With a sound like war drums, the rain began to fall.

* * *

It did not rain in the Forbidden Grove.

Awaken, My nymph.

She opened her eyes.

Mistress.

She was glorious, glowing with darkling light, standing over her, nude and beautiful and radiant with power. And alive, which was somehow a surprise.

She held out Her hand.

Gingerly, the nymph reached up to it, marveling that such perfection would deign to touch her. And She was smiling, smiling so beautifully, and lifting the nymph to her feet. It was too glorious to be believed.

If Mistress had not raised her up, the nymph would have dropped to her knees.

My beloved slave.

The nymph keened as Mistress stroked her cheek.

Remember, my nymph. Remember who you were.

Forest.

The Elders.

ferndew.

ferndew looked around in wonder.
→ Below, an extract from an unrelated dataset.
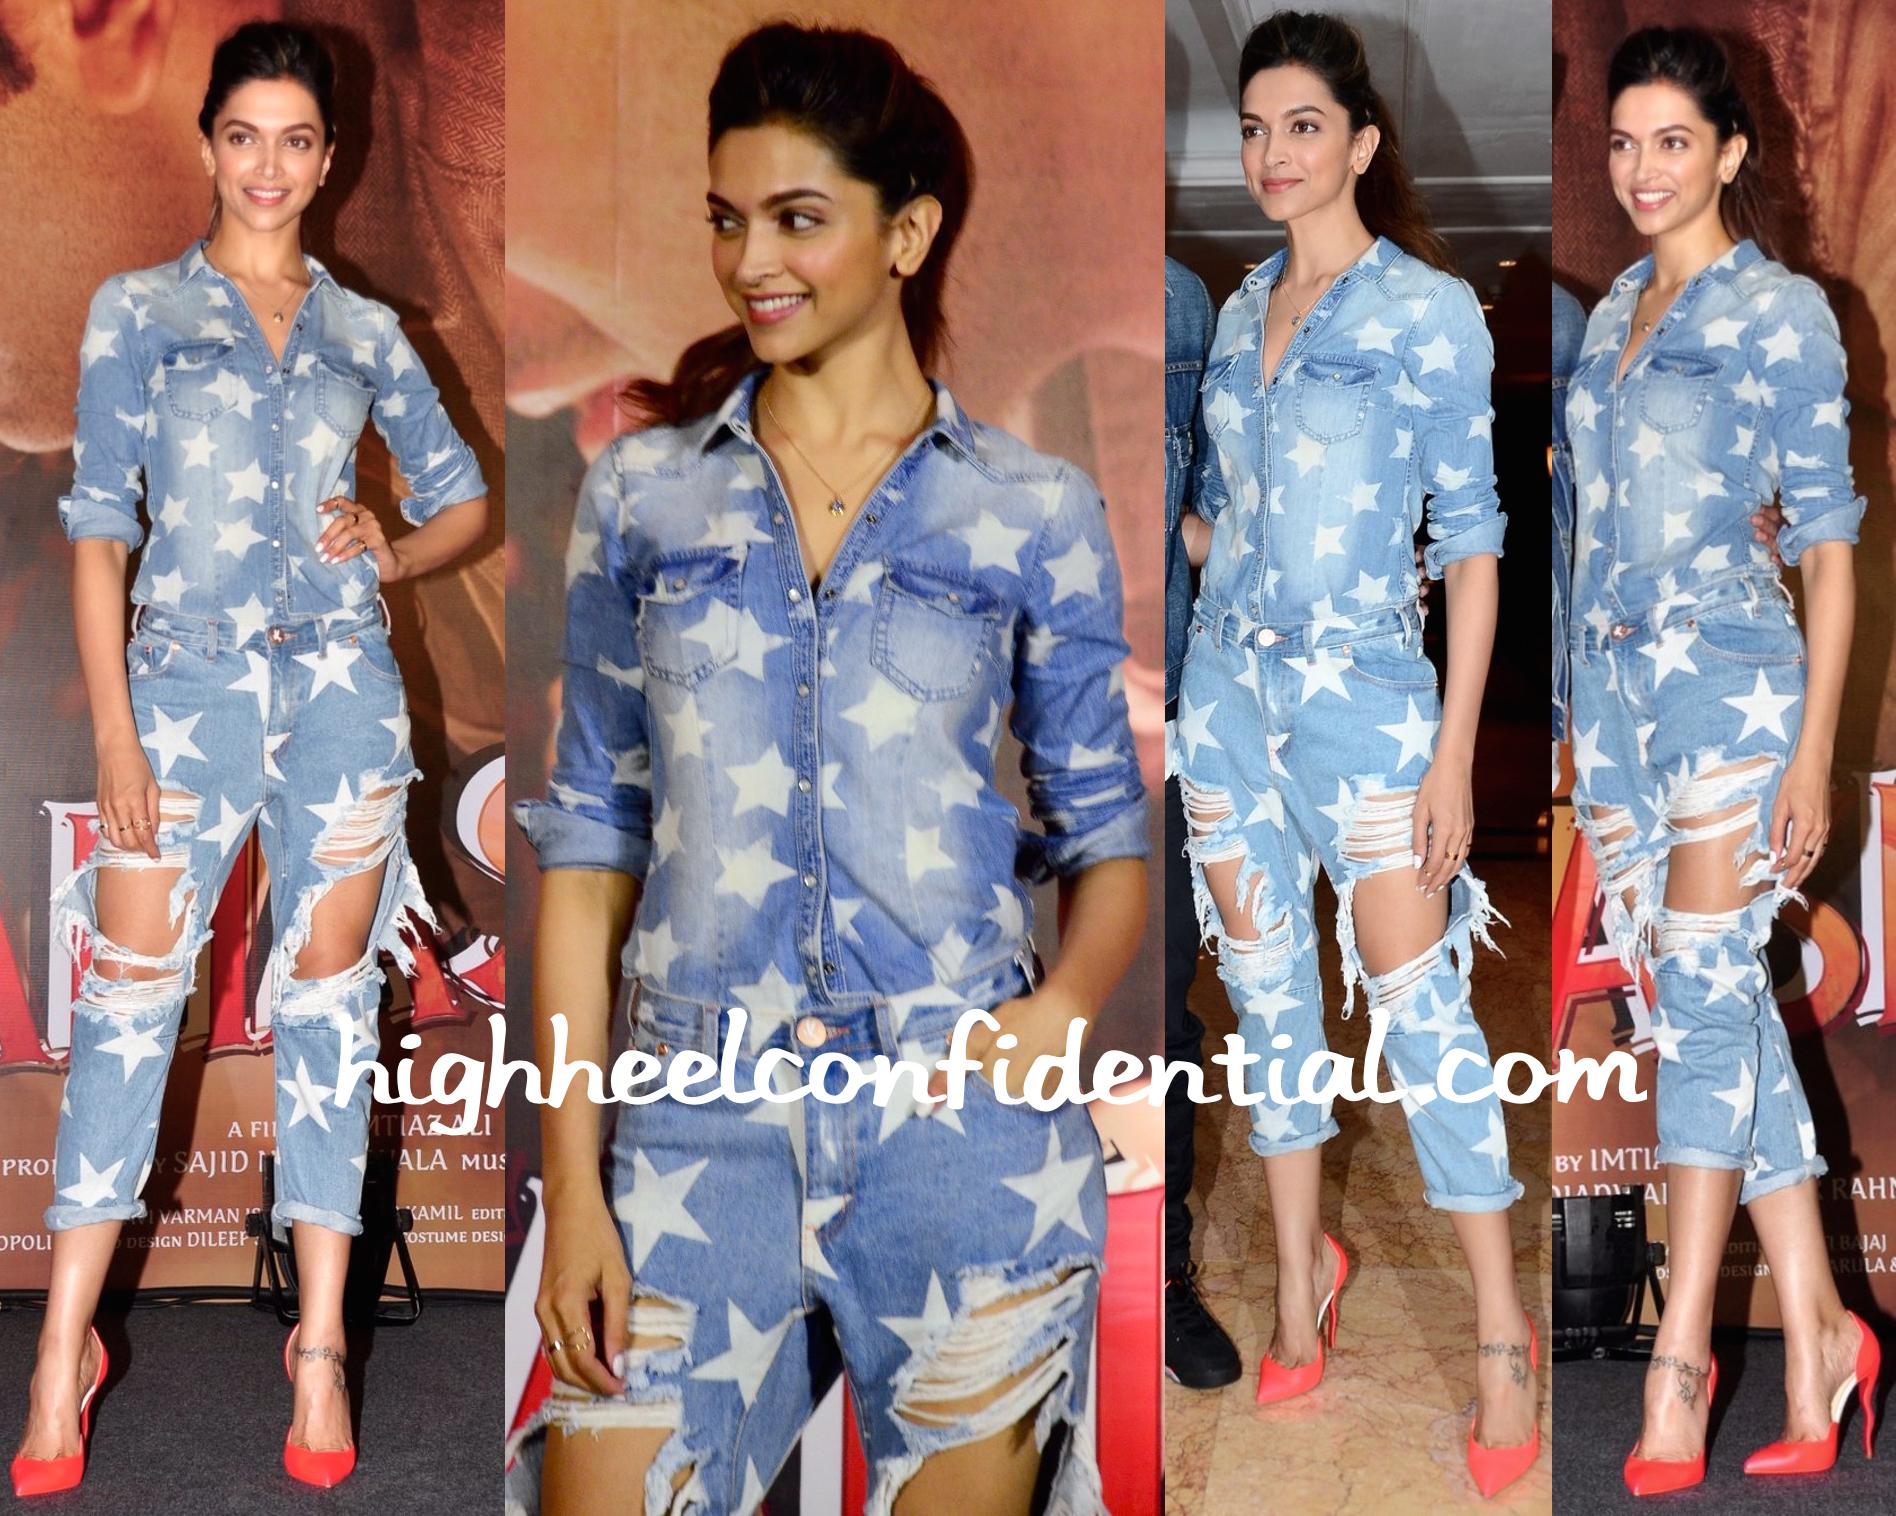 Deepika Padukone Tamasha Clothing - Deepika Padukone Age

She was alive, and Mistress was alive—and Mistress loved her.

She had been such a shadow before!

Mistress took her head in Her hands, and drew her close, and kissed her, and ferndew’s head spun with the joy of it, the joy and the excitement, and Mistress slipped Her tongue into ferndew’s mouth and heat washed over her and she sucked on it and her hands reached for Mistress’ body and stopped, for that was so... presumptuous, but then Mistress gave her leave and told her that she was Mistress’ beloved slave and lover, and then ferndew was touching her and feeling her hands tingle as they ran over Mistress’ flesh and then Mistress touched her in turn and her whole body melted.

Her knees went weak, but Mistress held her and then it was Mistress sinking, Mistress dropping to Her knees, her hands sliding down ferndew’s body, and then Mistress was at her sex kissing it and only Her magic kept ferndew from fainting at the joy and pleasure of it.

Her tongue was on ferndew and in ferndew and ferndew whined and twitched and came, again and again, and then She was sitting back, lying back in Her bower of thorns and ferndew dropped to the ground and kissed Her knees and Her thighs and moved up Her spread legs to the Holy of Holies, and ferndew came just tasting it with her tongue.

She worshipped Mistress with her tongue, worshipped Her sex and Her skin and the inner corners of Her mouth, and it lasted only an eyeblink and it lasted forever, for it was bliss.

* * *

Later, they lay together, and ferndew was more content than she could ever remember being. Outside the Grove thunder crashed and trees groaned in the wind, but inside the Grove ferndew was with Mistress and that was all that mattered.

Slave.

ferndew cast aside her blissful languor and was instantly alert. Yes, my Mistress.

You are no longer ferndew. ferndew was the name you had in your old life.

Yes, my Mistress.

You are now My pet, and I shall name you.

Yes, my Mistress.

You are Honeythorn.

Honeythorn. Yesss.

She was. It was as though Mistress had seen into her soul, seen who she truly was, who ever fiber of her being was meant to be, and had given her that name. It was perfect. It was her.

Yes, my Mistress, Honeythorn said vehemently, I am Honeythorn. I am Your slave, and I will serve You for ever.

Then rise, My slave, and serve Me. There is much we must do.